The study addresses whether favipiravir can effectively target the coronavirus RdRp to inhibit SARS-CoV-2. Results show that the unusually fast and permissive SARS-CoV/SARS-CoV-2 RdRp readily incorporates favipiravir nucleotides, which then propagate C→U and G→A transition mutations throughout the genome. Infected cell populations displayed a significant rise in overall mutation frequency and specific transition biases alongside decreased infectious yield, supporting lethal mutagenesis as the predominant antiviral mechanism in the coronavirus context. The kinetic characterization reveals that coronavirus RdRp operates at rates exceeding those of other RNA viruses, with a concomitant reduction in fidelity and tolerance for mismatches and analogue incorporation. These properties help explain how favipiravir can be incorporated and retained even in the presence of the ExoN proofreading machinery, ultimately overwhelming viral population fitness. Collectively, the data position the RdRp as a critical vulnerability and support nucleoside analogue strategies for COVID-19 therapy.

This work demonstrates that favipiravir is efficiently incorporated by the fast, low-fidelity SARS-CoV/SARS-CoV-2 RdRp and predominantly inhibits SARS-CoV-2 through lethal mutagenesis, increasing C→U and G→A transitions and reducing infectivity. The polymerase exhibits the highest viral RdRp elongation rates reported, with distinct processivity modes and permissive mismatch incorporation, features that collectively enable nucleoside analogue action despite coronavirus proofreading. These findings validate the coronavirus RdRp as an Achilles heel and support development and optimization of nucleoside analogues for COVID-19. Future work should: (i) quantify in vivo pharmacodynamics and resistance barriers; (ii) define structural bases for analogue selectivity versus ExoN excision; (iii) optimize analogue chemotypes for improved incorporation and retention; and (iv) test rational combinations (e.g., with ExoN modulators) to enhance mutagenesis-driven antiviral efficacy.
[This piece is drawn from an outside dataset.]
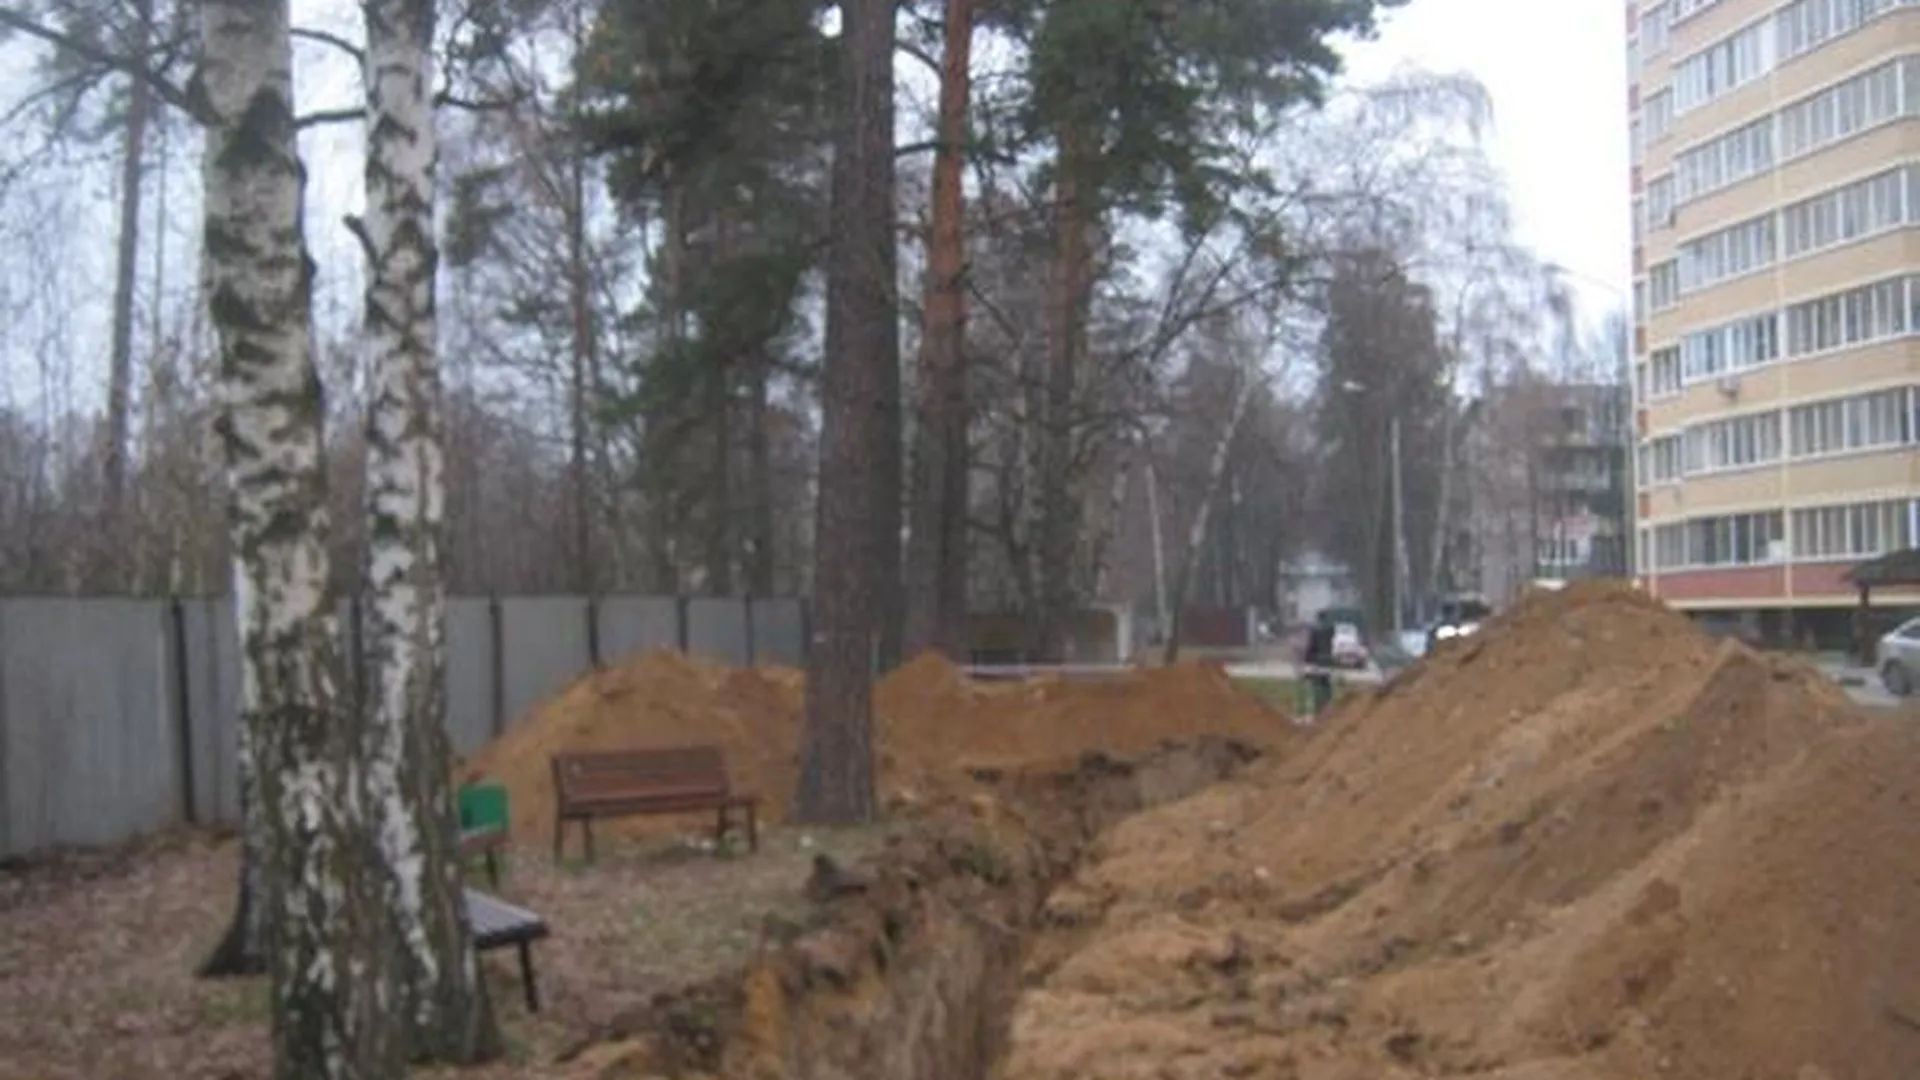 Компания в Щелково заплатила 200 тыс за земляные работы без ордера

- Most evidence derives from in vitro biochemical assays and cell culture infections; clinical efficacy and safety in humans were not addressed. - While mutagenesis is predominant, the precise contribution of alternative mechanisms (e.g., context-dependent chain termination) was not exhaustively dissected for coronaviruses. - Kinetic measurements were performed under defined assay conditions and extrapolated to physiological temperatures; in vivo polymerase dynamics may differ. - Deep sequencing captures population-level mutation spectra but may underrepresent rare events or context-dependent proofreading effects.